Bug 123699 - fails to create INDEX from .fits file binary extention
Summary: fails to create INDEX from .fits file binary extention
Status: RESOLVED WORKSFORME
Alias: None
Product: kst
Classification: Applications
Component: general (show other bugs)
Version: 1.10.0
Platform: unspecified Linux
: NOR normal
Target Milestone: ---
Assignee: kst
URL:
Keywords:
Depends on:
Blocks:
 
Reported: 2006-03-16 02:19 UTC by Brendan Crill
Modified: 2023-01-13 05:13 UTC (History)
1 user (show)

See Also:
Latest Commit:
Version Fixed In:


Attachments

Note You need to log in before you can comment on or make changes to this bug.
Description Brendan Crill 2006-03-16 02:19:46 UTC
Version:           1.3.0_devel (using KDE 3.4.2 Level "b" , SUSE 10.0)
Compiler:          Target: i586-suse-linux
OS:                Linux (i686) release 2.6.13-15.8-default

How to reproduce:
kst -y 1 kst/tests/healpix/healpix_example_sm.fits

I don't get a plot, and the following error is reported in the debug dialog:
Failed to create vector 'INDEX' from file '/home/bpc/graphics/kst/tests/healpix/healpix_example_sm.fits'.

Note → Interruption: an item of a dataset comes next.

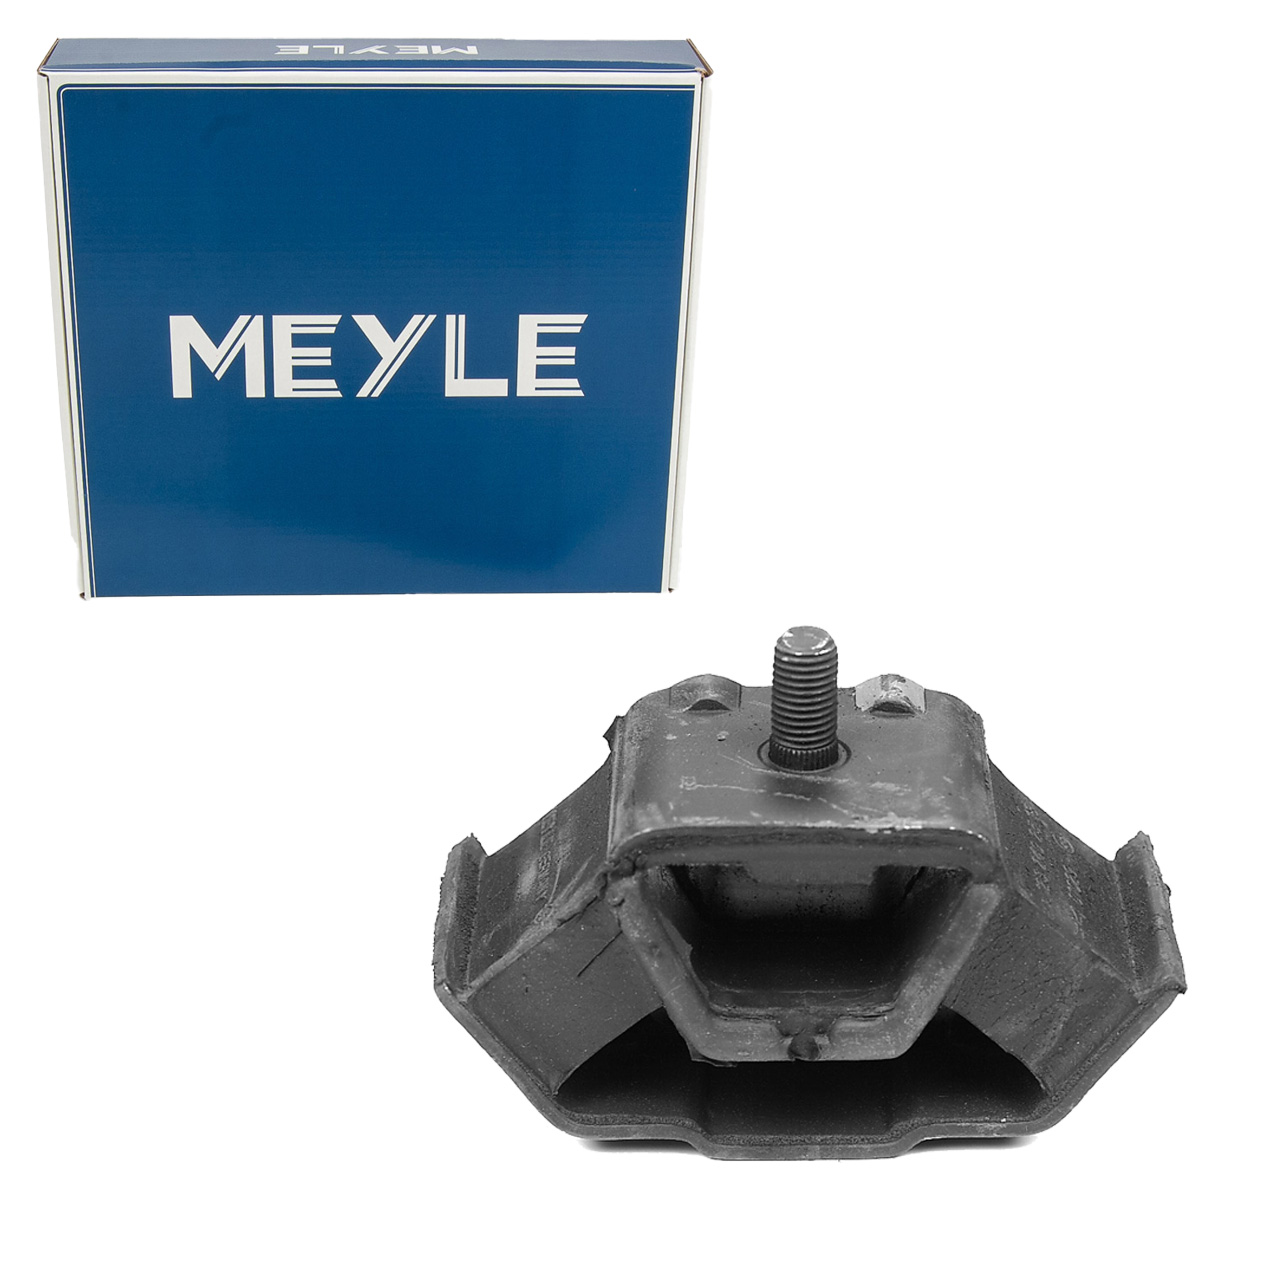 MEYLE Getriebelager Automatikgetriebe MERCEDES-BENZ W114 W115 W123 W126 hinten

I do not get this error when I am trying to read a fits file with an ascii extension
Comment 1 Ted Kisner 2006-03-16 02:31:56 UTC
healpix fits files are a "special" type of FITS file from kst's perspective.  
The healpix datasource claims ownership of the file instead of the LFIIO 
datasource (which normally reads table extensions).

To plot the healpix data as a map, one uses the "-z" command line option.

The command below suggests that you wish to plot the raw pixel data on an x-y 
plot (i.e. pixel value vs. pixel index), correct?  This is not currently 
supported by the healpix datasource.  The datasource currently returns either 
a cartesian projection of a map as a matrix, OR one of the polarization 
pseudo vector coordinates.  Vector fields won't be supported until the new 
rendering system is in place.

Do we want the healpix datasource to be able to return raw pixel values?

-Ted

On Wednesday 15 March 2006 17:19, Brendan Crill wrote:
| How to reproduce:
| kst -y 1 kst/tests/healpix/healpix_example_sm.fits
|
| I don't get a plot, and the following error is reported in the debug
| dialog: Failed to create vector 'INDEX' from file
| '/home/bpc/graphics/kst/tests/healpix/healpix_example_sm.fits'.
Comment 2 Brendan Crill 2006-03-16 02:43:50 UTC
OK, I get it, it's not a problem with fits binary extensions, its a problem with kst automatically recognizing the file as a fits healpix map. I first encountered this bug when was trying to plot the signal from one map vs. the signal from another in an x-y plot (which would be very useful...)  

Comment 3 Netterfield 2006-03-16 02:55:36 UTC
I think all data sources that return vectors should return an INDEX column.
Comment 4 Ted Kisner 2006-03-16 02:57:24 UTC
On Wednesday 15 March 2006 17:43, Brendan Crill wrote:
| ------- OK, I get it, it's not a problem with fits binary extensions, its a
| problem with kst automatically recognizing the file as a fits healpix map.
| I first encountered this bug when was trying to plot the signal from one
| map vs. the signal from another in an x-y plot (which would be very
| useful...)

This is easy to implement.  The next question is should the datasource simply 
return the data in the table, or should it always return full-sphere vectors?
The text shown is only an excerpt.